Almost all of the listed types of buildings arising from the construction of railways were used to a greater or lesser extent throughout the entire period under consideration.
Constructively, the evolution of locomotive buildings looks more definitely. If in the middle of the XX in. Premises with steam stalls were blocked by brick arches (depot of the Nikolaev railway, lines from.-Petersburg – New Peterhof, New Roads and others.), already in the 60s, this expensive and difficult type of ceiling is replaced by the undivided dominance of wooden and metal-rod farms of a triangular outline with various systems of arrangement of the elements of the grate. The use of metal farms was usually limited to overlapping forges in steam locomotive buildings, which was caused by fire requirements. By the end of the century, metal farms were wider in virtue of the same requirements.
In the first decade XX in. In the designs of steaming buildings, a shift was outlined in connection with the introduction of reinforced concrete in them. For rectangular in terms of multi -span buildings, flat coatings with a longitudinal location of the main beams and transverse lights began to be used, similarly as it was done in tram depots. Such, for example, a steam locomotive building on st. Minsk built in 1908-1909.

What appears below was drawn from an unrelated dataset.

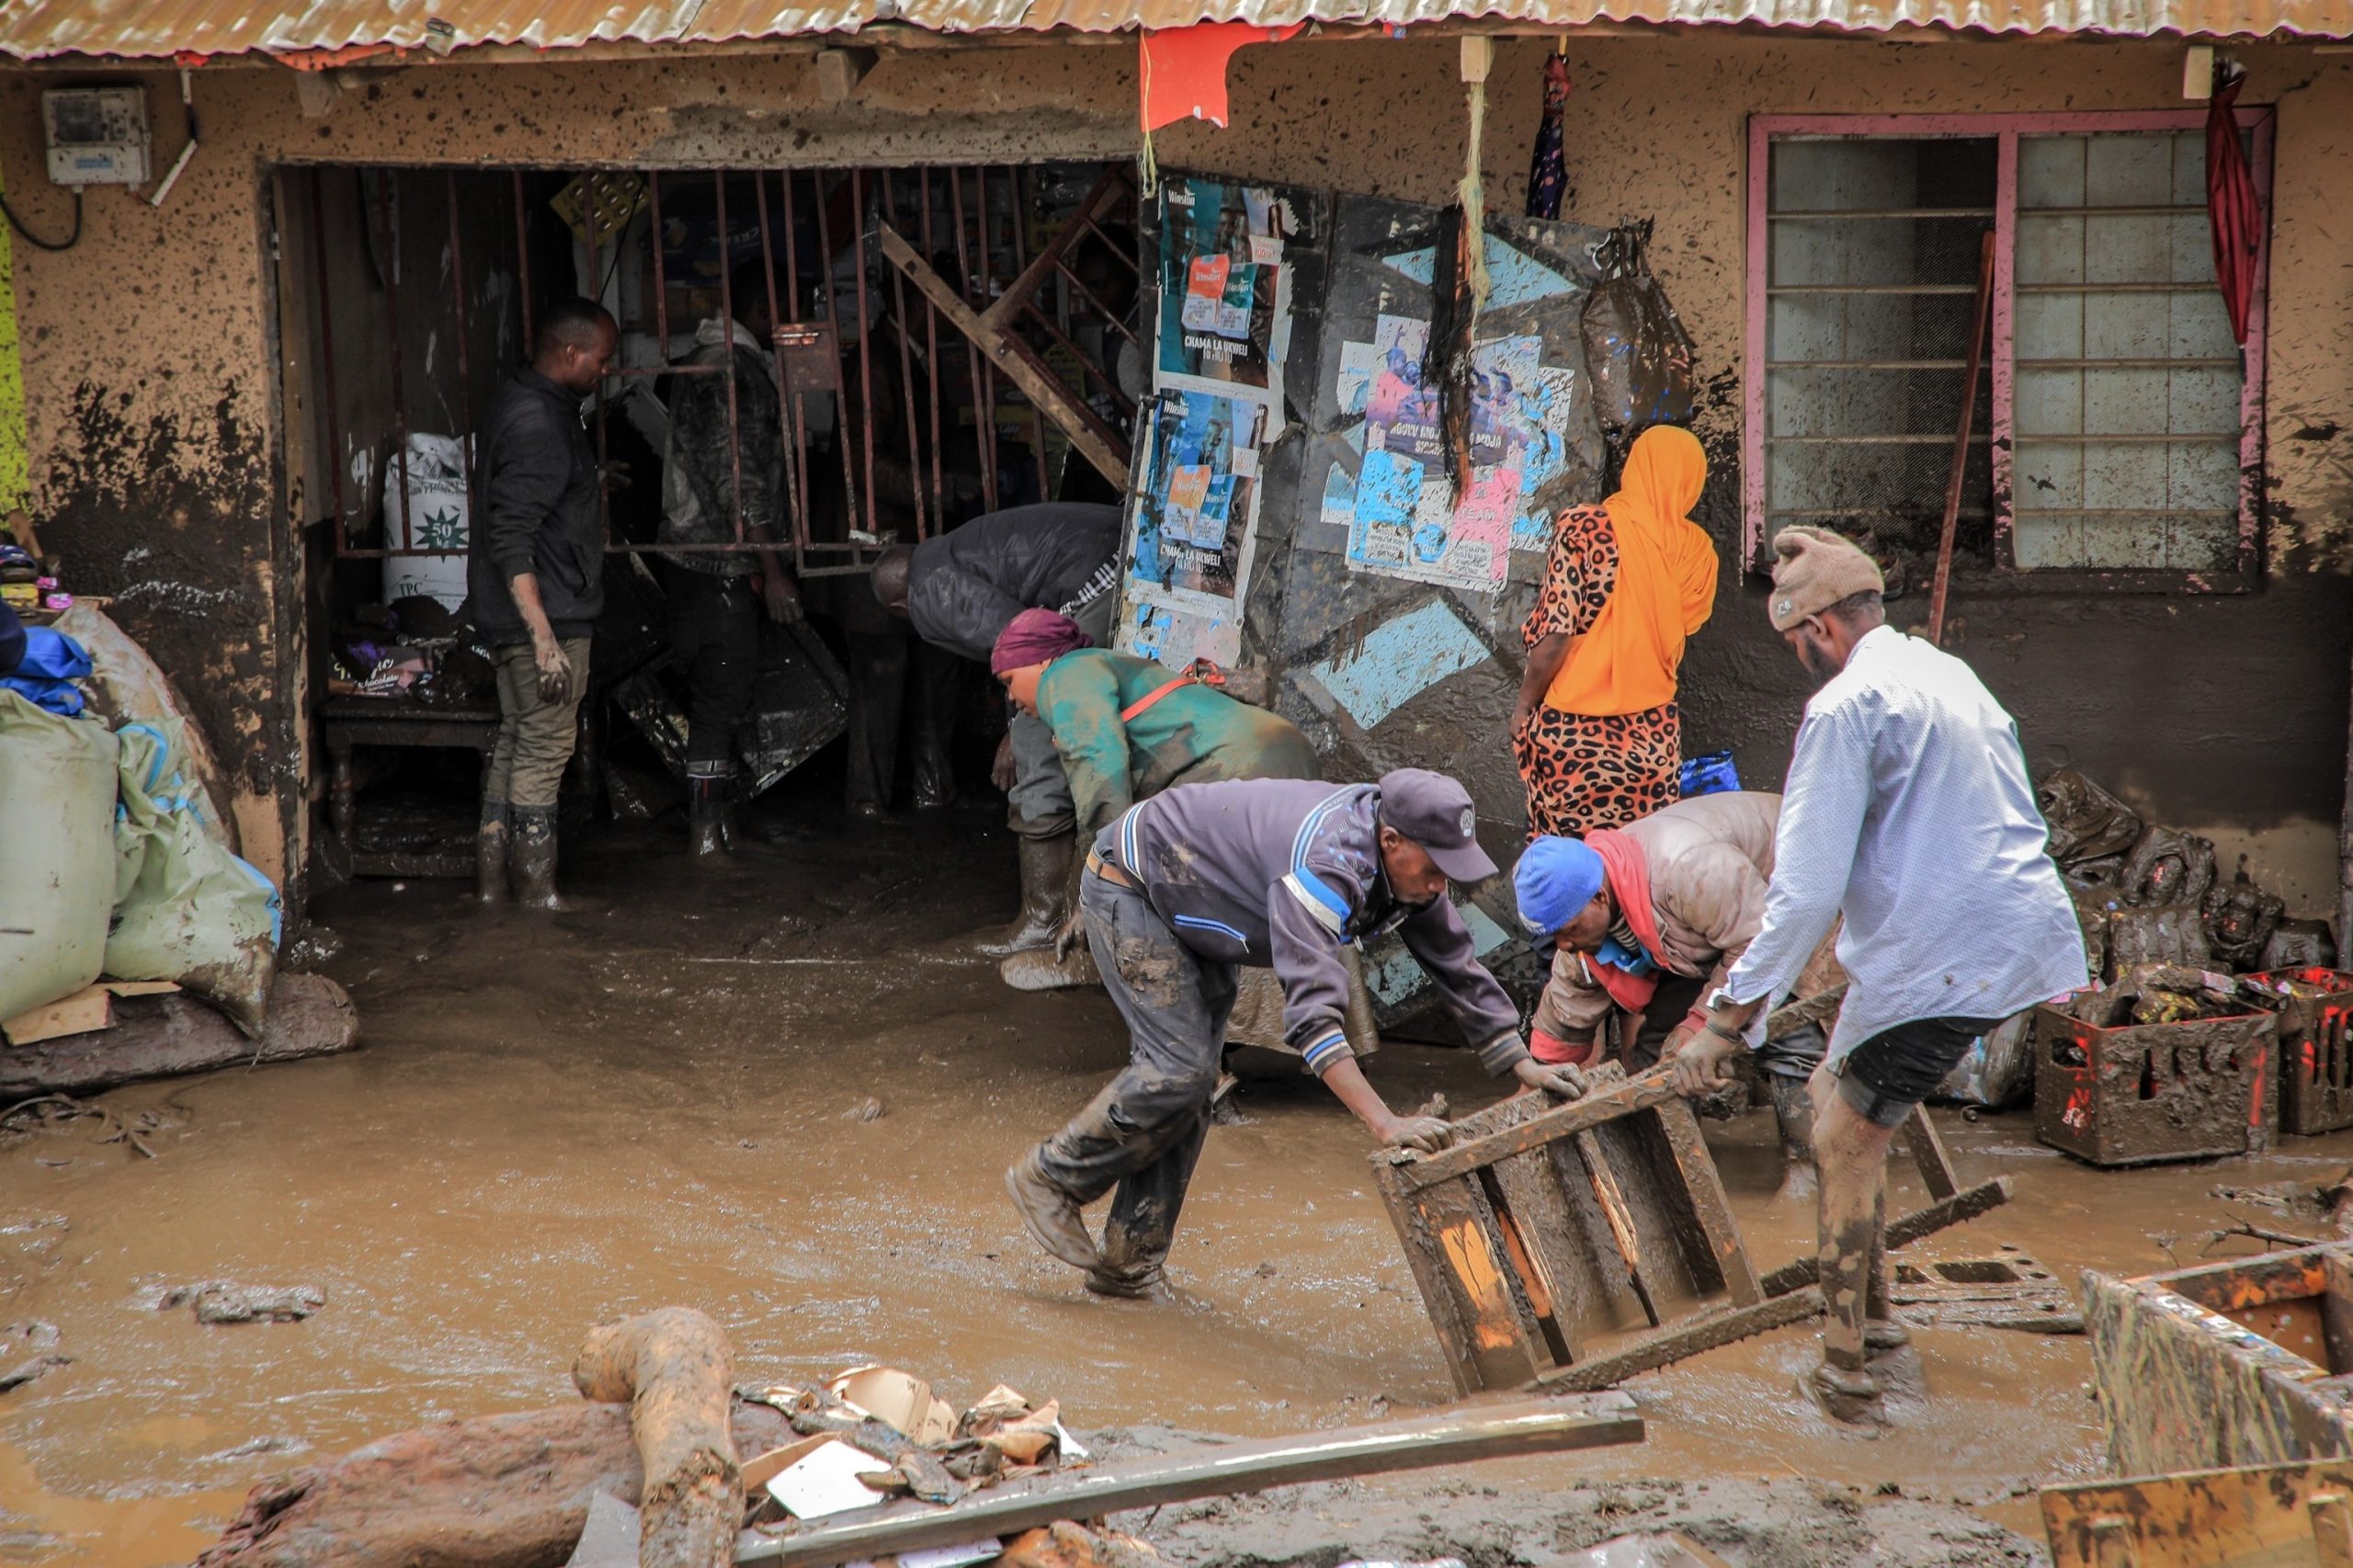 63 people killed in Tanzania due to flooding and landslides

The roofs of these buildings were first metal, but by the end of the XX in., When it turned out that the sulfur gas stamps have a harmful effect on them, the roof from the tiles, apparently, because of the greater difficulty of their implementation, they still did not become predominant.

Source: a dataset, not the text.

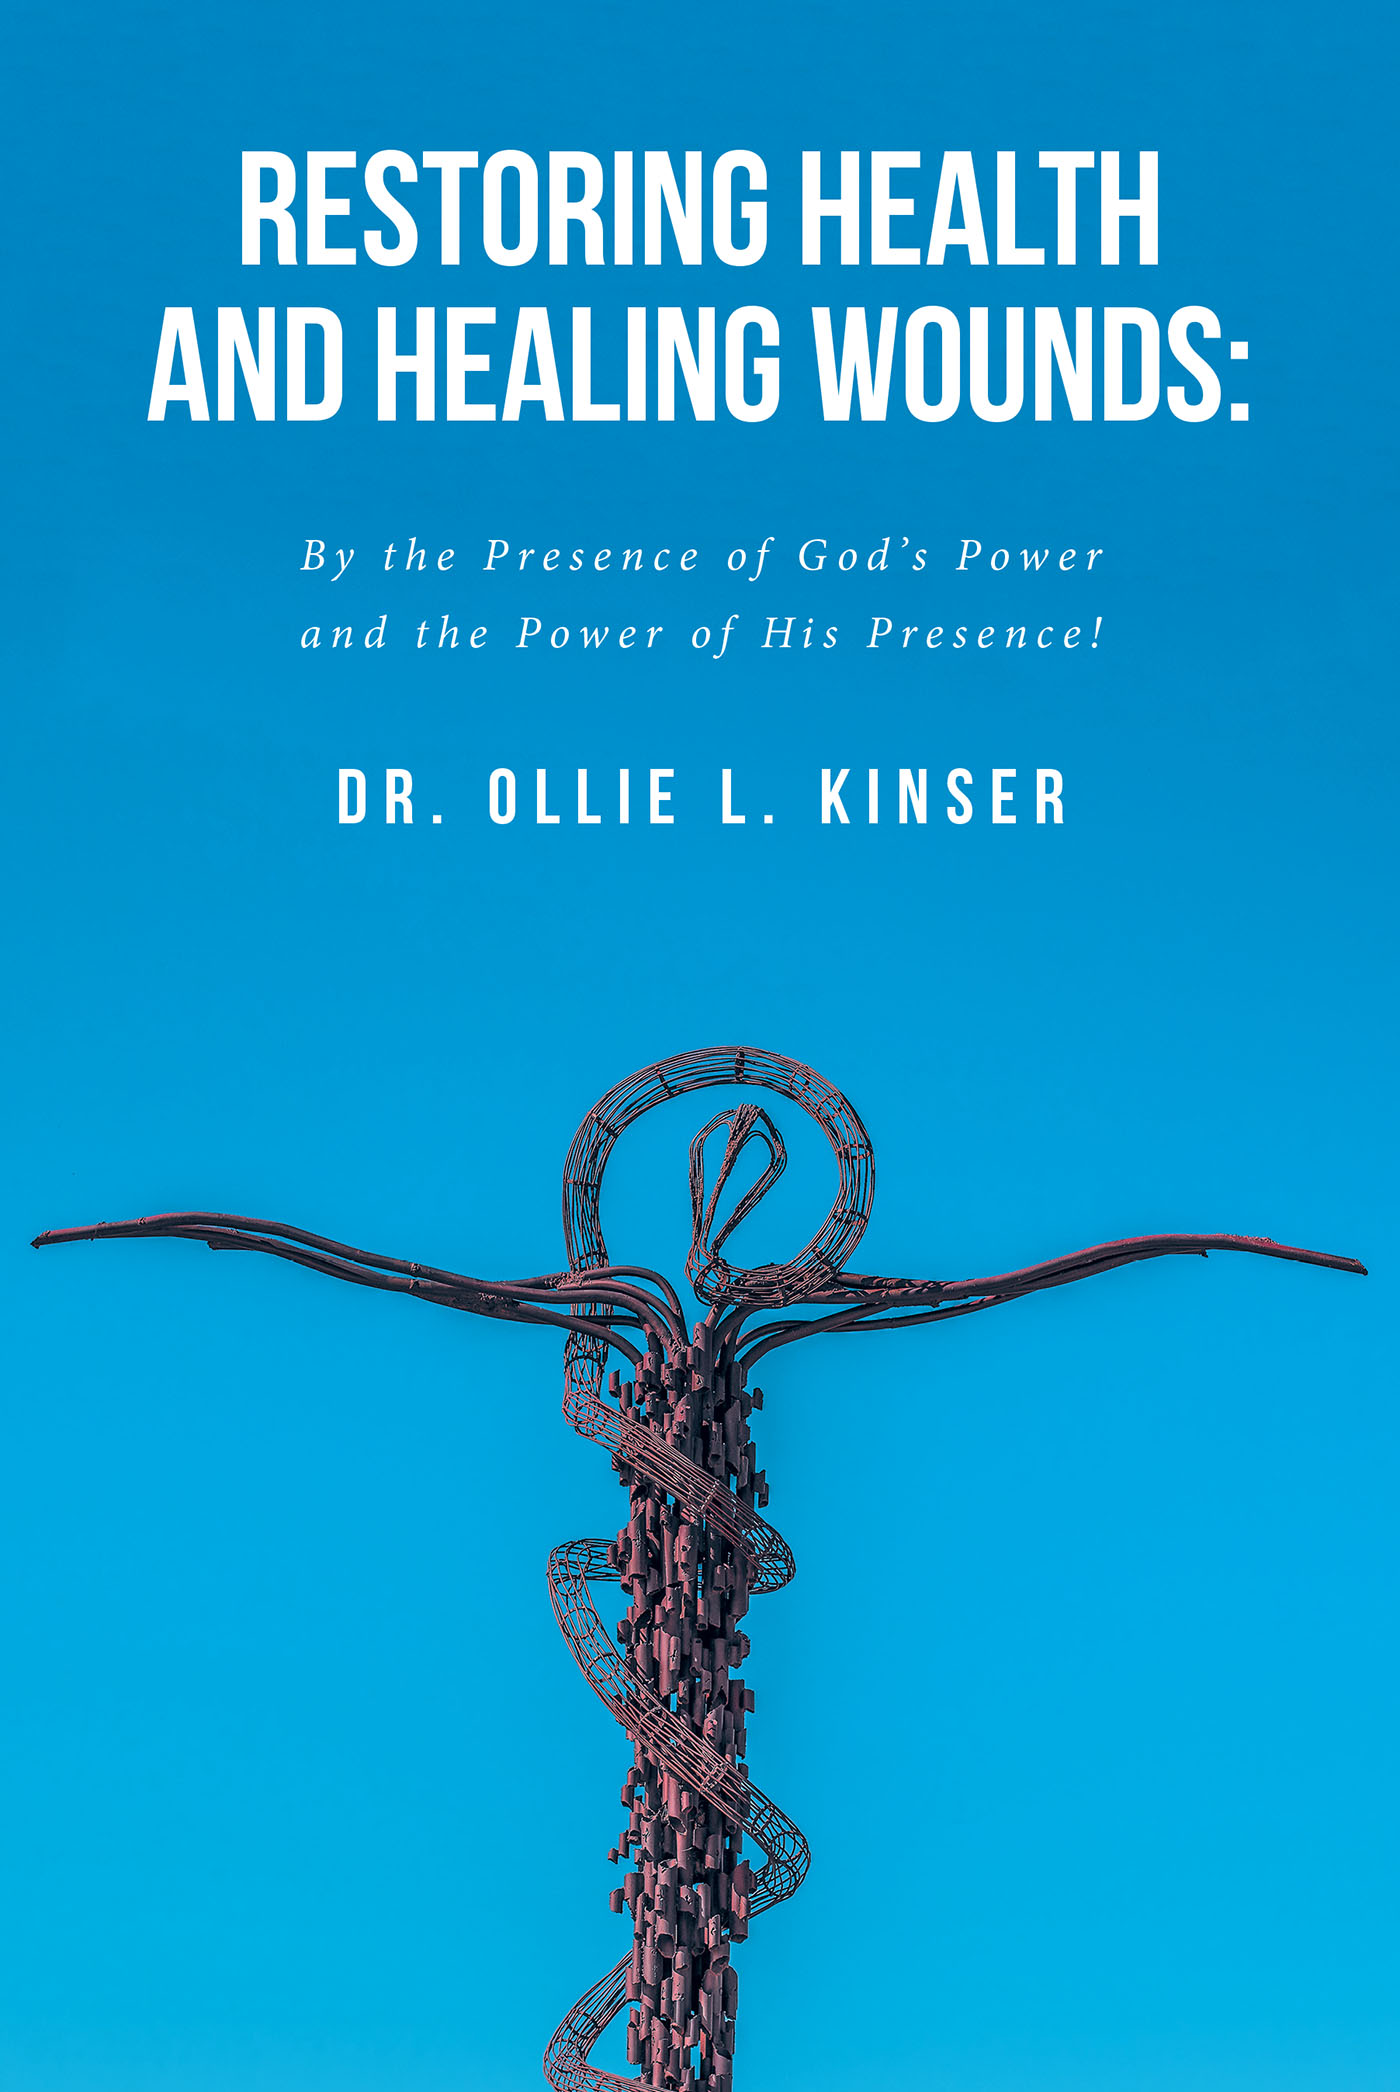 Dr. Ollie L. Kinser’s New Book, "Restoring Health and Healing Wounds," is an Inspiring Work About the Presence of God and His Restorative Powers as Written in Scripture

End floors of steam buildings, characteristic of the middle of the XX in., Subsequently, they were replaced by brick, asphalt, etc. Wagon buildings were a building most often with through routes. Some of them have reached huge sizes. So, at Art. Petersburg “Main carriage shed size 100×2.5 soot. covers five ways of passenger trains “. They were built from brick and wood, and sometimes had a frame of brick.